00:11:43.160 | So now when I do this matrix multiplication, this query key and value matrix -- so if you look at

00:11:48.840 | different tutorials on attention, you'll see these things pop up a lot.

00:11:52.280 | So hopefully that will help you to read it a lot more.

00:11:54.440 | This is now the LLM's interpretation of each of those tokens that you sent in.

00:11:59.960 | Right? And now the job is how do I now take these query key and value matrices and sort of interpret it

00:12:07.240 | to try to generate the next best token. And this is just happening constantly over and over every single

00:12:12.920 | token that's happening. But the key thing I want you to walk away on the slide is where I drew the key

00:12:17.640 | and the value. Right? When people talk about KV cache optimization, every LLM performance engineer is just

00:12:24.600 | literally trying to make that thing as fast and small as possible. And that will make a little more sense

00:12:30.440 | as to what that does to your cost. But ultimately, these key and value matrices, this is like your LLM's

00:12:35.720 | memory. So it will make a little more sense coming up.
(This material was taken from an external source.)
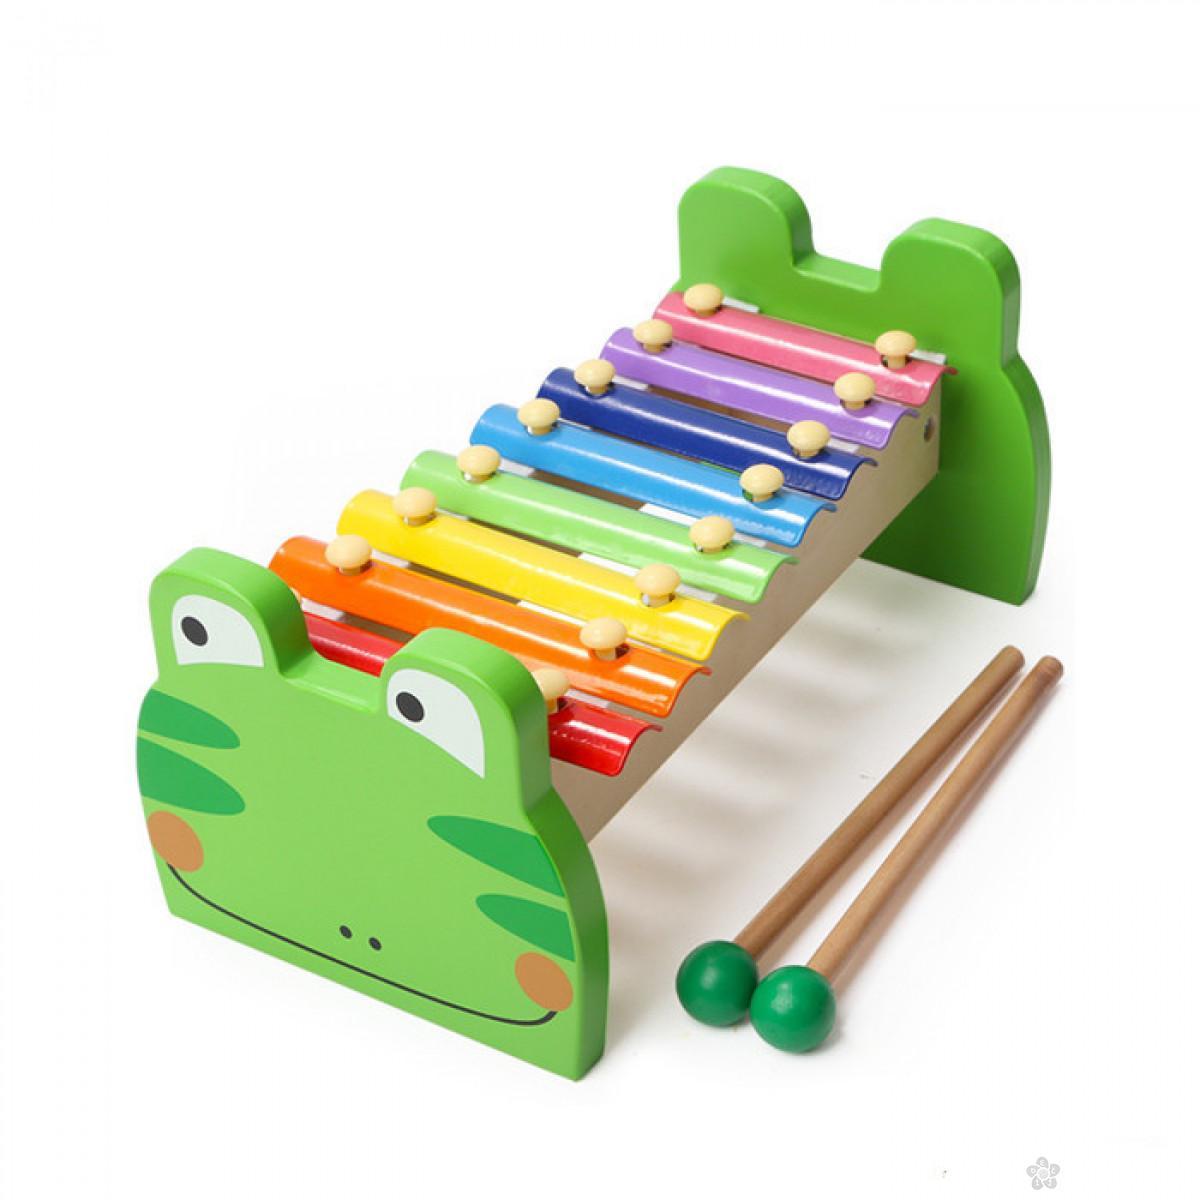 Drvena igračka ksilofon žabac ToP Bright 7136
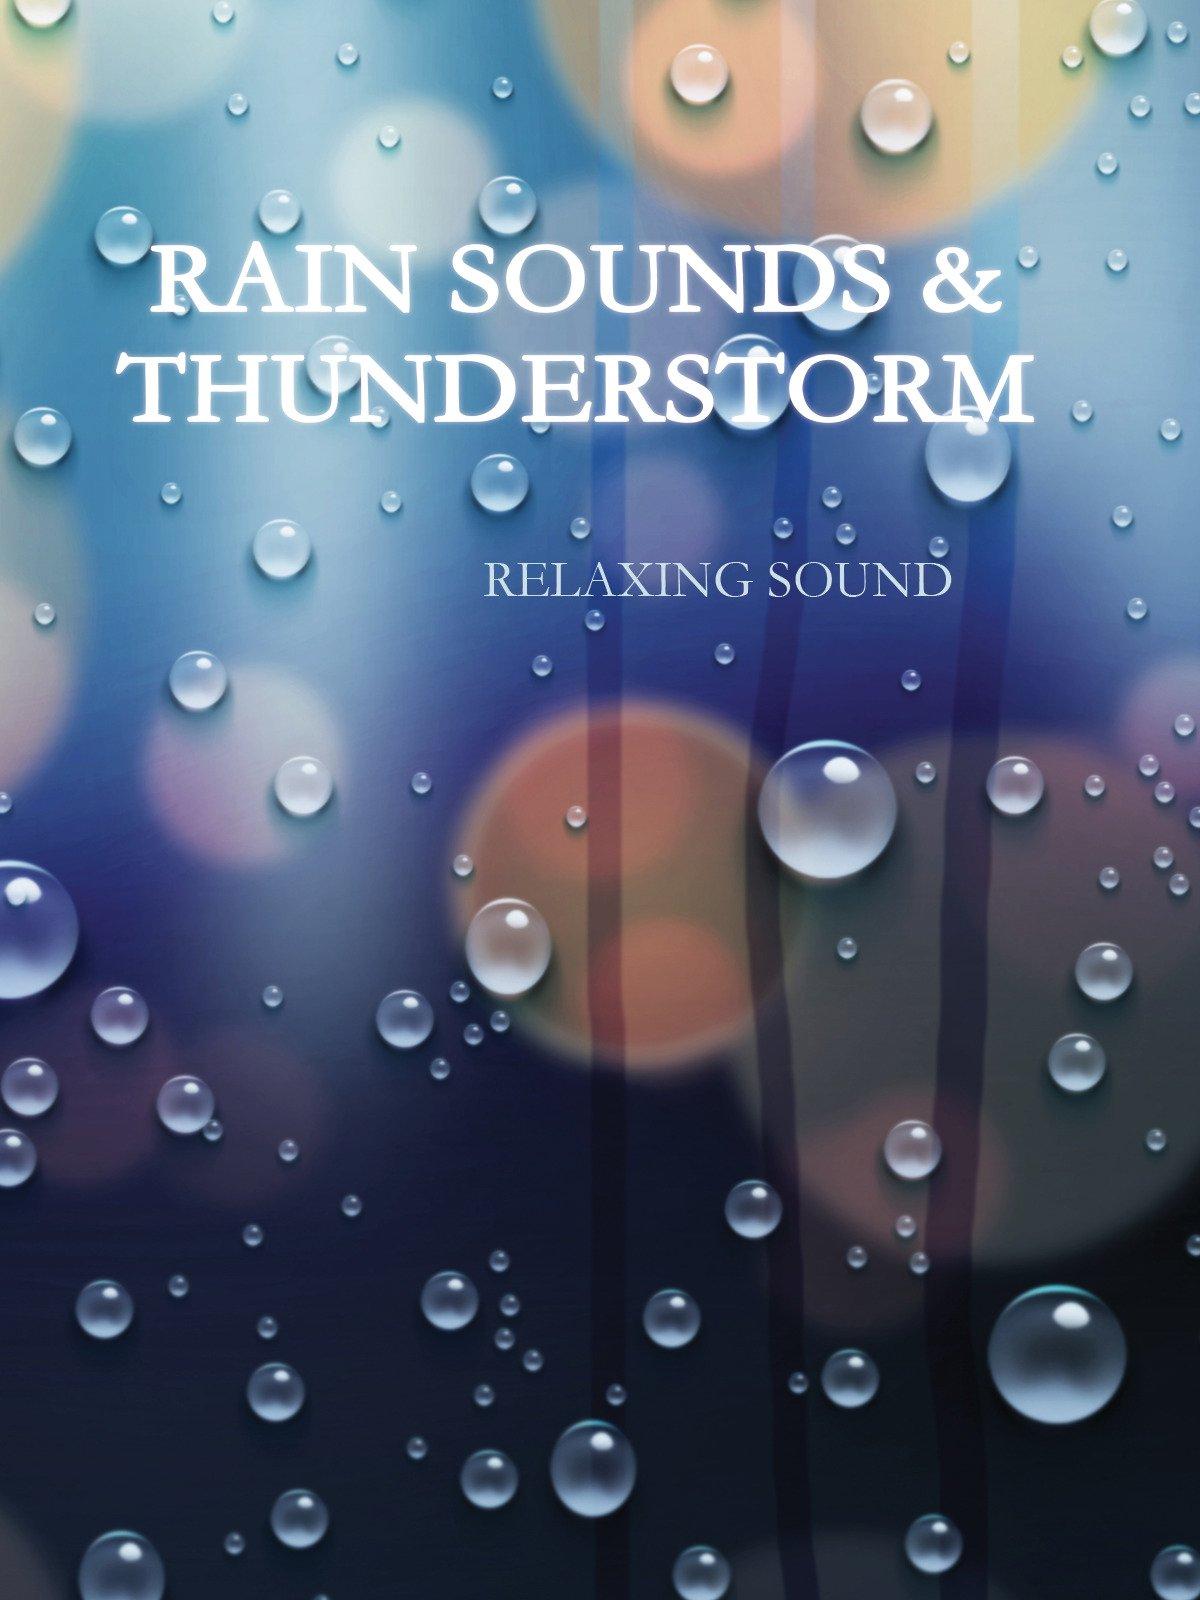 Rain Sounds & Thunderstorm

I know I didn't show a ton of the math. I show

00:12:39.960 | some tutorials afterwards so you can go read more about that. My intention here is for you to visualize

00:12:45.320 | key and value. So every time you see a prompt, I just want you to thinking, crap, key and value is on

00:12:49.720 | my GPU. Okay? The next. So here's the real value of the KV cache. So remember we said that whenever I

00:13:00.120 | generate a token, I'm going to push it back into the GPU. Right? So every token I generate, it goes back

00:13:05.560 | into the GPU. And then I have to compute an attention mechanism. So this is what's happening. This new

00:13:10.200 | token I generated, LLM, I get its vector representation, as you see in blue. But now I do that vector matrix math

00:13:18.920 | now. So before I did matrix matrix math, that's my first prompt first comes in. I generated my first token.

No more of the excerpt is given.